Vor der TV-Debatte wird gebetet. Die 115 Zuschauer im Saal 6 des "Flix Brewhouse"-Kino in Des Moines falten die Hände und senken den Kopf. "Herr, halte deine schützende Hand über unserem Land, helfe den Schwachen. Herr, halte auch deine schützende Hand über Dr. Carson, unseren nächsten Präsidenten", sagt ein Mann vor der Leinwand und aus 115 Kehlen schallt es "Amen!"
Wen diese Menschen als Nachfolger von Barack Obama als US-Präsident im Weißen Haus sehen wollen, ist klar: Sie tragen "Ben 2016"-Aufkleber an der Brust und schwenken Schilder, auf denen "Carson 2016. Heal. Inspire. Revive" steht. Heilen, inspirieren und (Amerikas Größe) wiederbeleben, all das verspricht der 64-jährige Ben Carson, der neben Donald Trump die Überraschung des Vorwahlkampfs der Republikaner ist. Der ehemalige Gehirnchirurg führt mit 28 Prozent in Iowa in allen Umfragen und liegt sogar in der jüngsten landesweiten Erhebung vor Trump.
Hinter den Zahlen verbirgt sich ein interessantes Phänomen. Wie der Milliardär Trump hat der Afroamerikaner noch nie ein politisches Amt innegehabt, doch dies macht ihn für viele Besucher attraktiv. "Dr. Carson ist nicht wie all die anderen Kandidaten vor ihm. Er macht mir Hoffnung", sagt William Morris. Der 58-jährige Anwalt ist einer von allenfalls zehn Schwarzen, die die Debatte aus Colorado mit anderen Carson-Fans im Kinosaal gucken. Dessen Hautfarbe spiele aber keine Rolle: "Mir sind Carsons Glaube und sein Auftreten wichtiger."

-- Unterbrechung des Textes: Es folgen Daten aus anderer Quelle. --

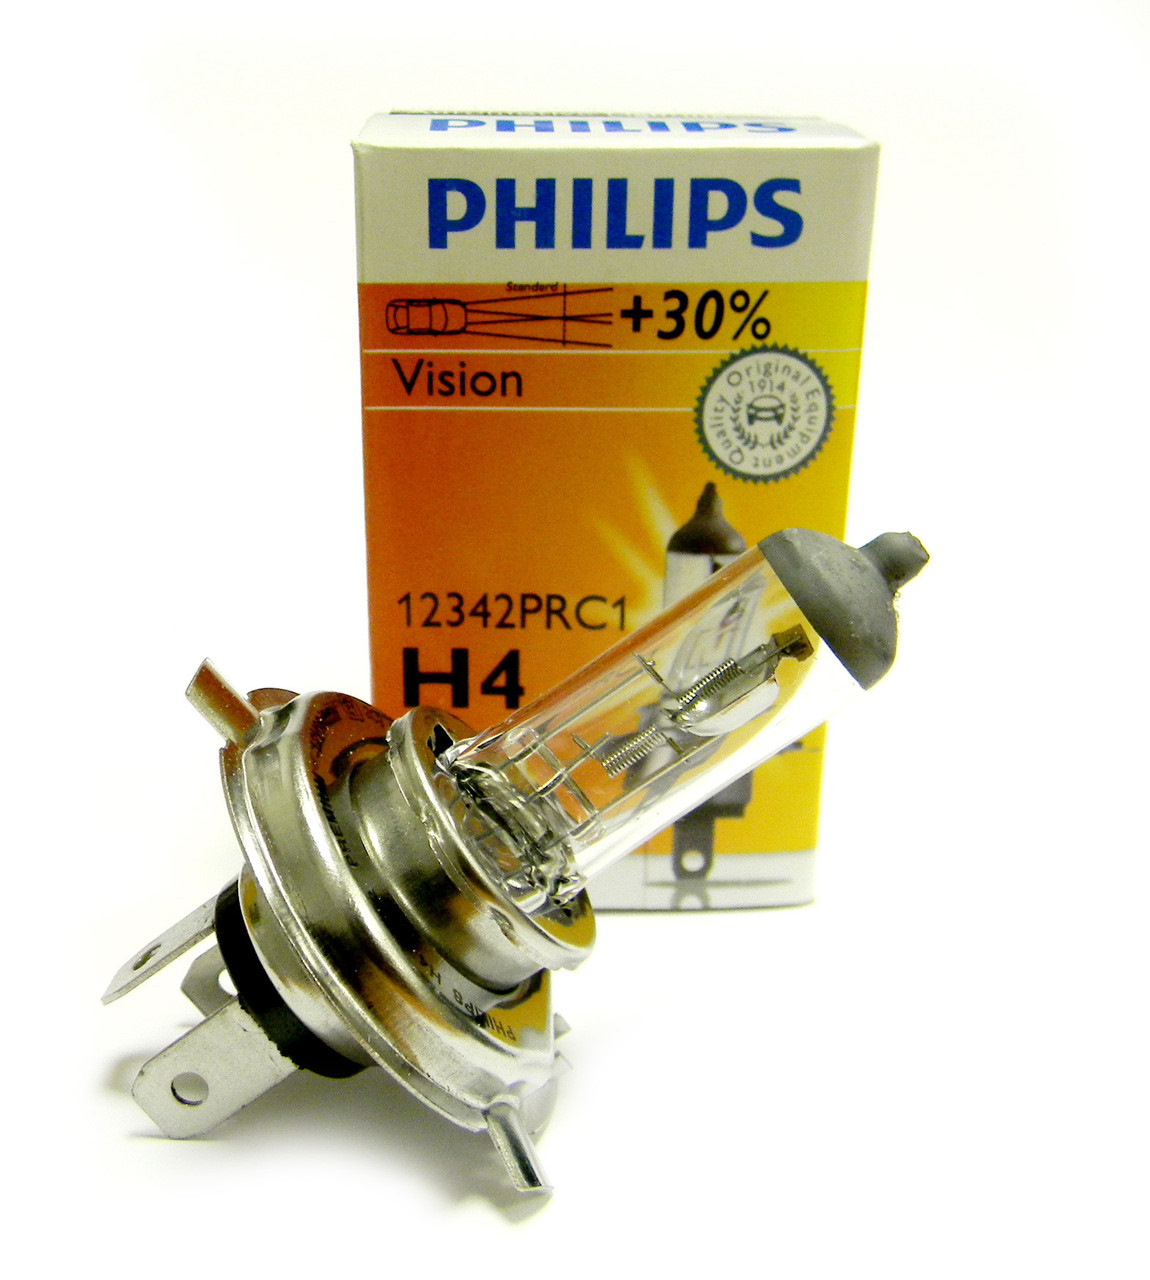 Philips h4 купить. Лампа 12342 Филипс. Лампа h4 Philips Vision +30. Philips h4 12342prc1. Лампа h4 12v 60/55w +30% p43t 12342pr* Philips.

Nach der zweistündigen Übertragung und Gesprächen mit mehreren Zuschauern wird deutlich, dass die Basis die Kandidaten nach anderen Kriterien bewertet als die Experten in den TV-Studios.
Höflichkeit zahlt sich aus. Der 64-jährige Mediziner ist stets ruhig, er erhebt selten seine Stimme und verkündete schon am Anfang der Debatte, dass er sich an Reagans "11th Commandment" (das elfte Gebot) halten wolle. Nach dieser Regel soll kein Republikaner einen anderen kritisieren. Während Analysten Carson "Passivität" unterstellen und sein Konkurrent Trump über dessen "Schläfrigkeit" witzelt, kommt Höflichkeit bei vielen Wählern an.
"Mir gefällt es sehr, dass er nicht aggressiv auftritt und die anderen nicht angreift", sagt Ben Dreyer. Der 36-jährige Versicherungsmakler ist überzeugt, dass es der Grand Old Party schadet, wenn sich die Kandidaten gegenseitig niedermachen. Carsons höfliches Auftreten erklärt seine enorme Popularität: In Iowa, wo am 1. Februar die erste Vorwahl stattfindet, finden ihn 84 Prozent der Wähler sympathisch. Wenn Carson etwas kritisiert, dann sind es jene Dinge, die fast alle Konservativen hassen: Etwa staatliche Subventionen ("ein Haufen Müll") und die Political Correctness, die die USA angeblich ruinieren.
Die Verachtung für Washington ist enorm. Es überrascht wenig, dass Ben Carson bei diesem Heimspiel den lautesten Applaus erhält. Doch es fällt auf, für wen das Publikum nie klatscht: Wenn Ohios Gouverneur John Kasich seine Erfahrung im Weißen Haus und als Abgeordneter betont - und wenn Jeb Bush das Wort ergreift. Beide verkörpern das Polit-Establishment in der Hauptstadt Washington, das als korrupt und ungerecht empfunden wird.
"Die Abgeordneten im Kongress denken nur an ihre Wiederwahl", schimpft Bart Collins. Der 61-Jährige sammelte schon Unterschriften für die "Run Ben Run"-Kampagne, um Carson zur Kandidatur zu bewegen. Diese Wut auf Washington macht den lärmenden Außenseiter Donald Trump für viele attraktiv, doch auch Gouverneure wie Chris Christie können mit donnerndem Applaus rechnen, wenn sie rufen: "Wenn euch Washington etwas Kostenloses verspricht, dann haltet euer Portemonnaie fest. Dann wird es teuer."